Anyway, I suppose that this failure make the whole notification process stop before qemu is notified of a change on the volume size and so, the guest VM is unaware of the change until you stop/start it again.
However, detaching/attaching the volume back and forth works correctly, only the resize fails to refresh the qemu state.

Which process does that qemu volume size refresh ? I'm pretty sure that in the case of detach/attach, this is cinder itself but what about resize ? Looks like the pure storage driver is faulty here.

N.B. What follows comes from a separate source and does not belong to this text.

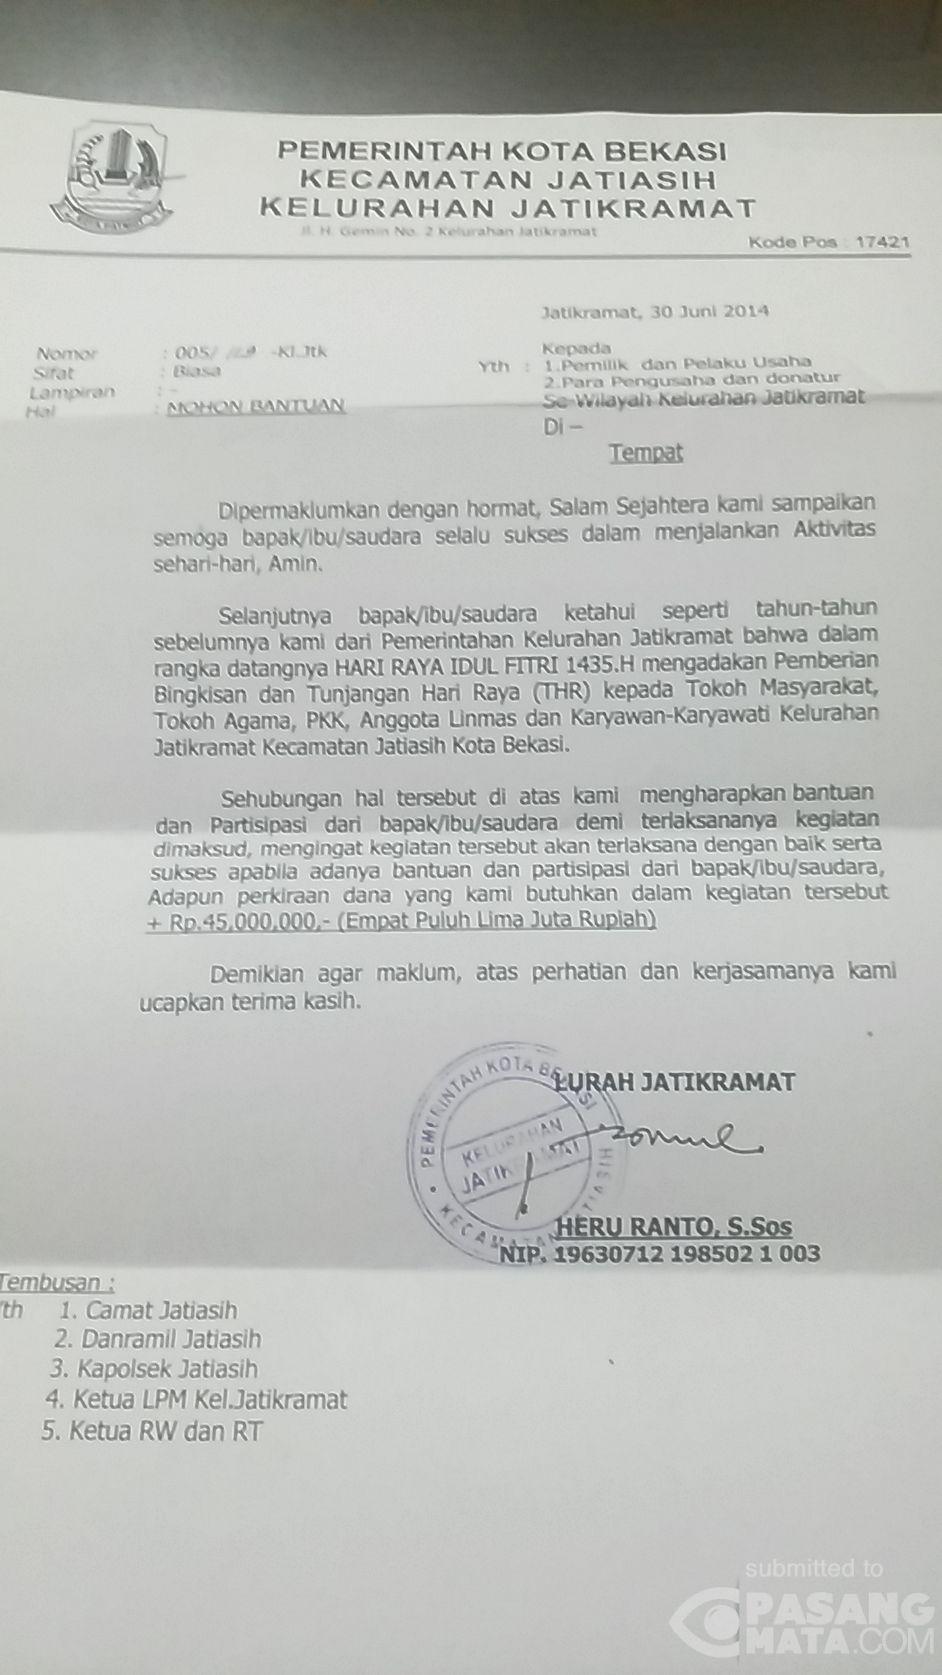 Ini Penampakan Surat Permohonan Bantuan Untuk Thr Di Bekasi Umum

Revision history for this message

Simon Dodsley (simon-dodsley) wrote on 2023-03-02:

#9

The Pure Storage driver doesn't do anything other than request the volume is resized and then hands back to os-brick and nova.
If the volume has resized correctly on the Flasharray then the Pure driver has done its work correctly.
The multipath resize map is part of os-brick and that is what is failing.
The very fact that if you detach/attach and the size is correct shows that the Pure driver is not at fault.
There are multiple known issues with multipath in os-brick that have still to be addressed.
I have been working with os-brick developers to try and emulate your specific error but with no success. The resize works correctly in all the tempest tests and in manula testing through Horizon and the CLI. In fact the tempest tests for resize are part of the acceptance criteria for any Cinder driver.

The latest recommended multipath settings from Pure are as follows:

    device {
        vendor "PURE"
        product "FlashArray"
        path_selector "service-time 0"
        hardware_handler "1 alua"
        path_grouping_policy group_by_prio
        prio alua
        failback immediate
        path_checker tur
        fast_io_fail_tmo 10
        user_friendly_names no
        no_path_retry 0
        features 0
        dev_loss_tmo 600
    }

Please make sure you have these configured to eliminate these as any part of the root cause.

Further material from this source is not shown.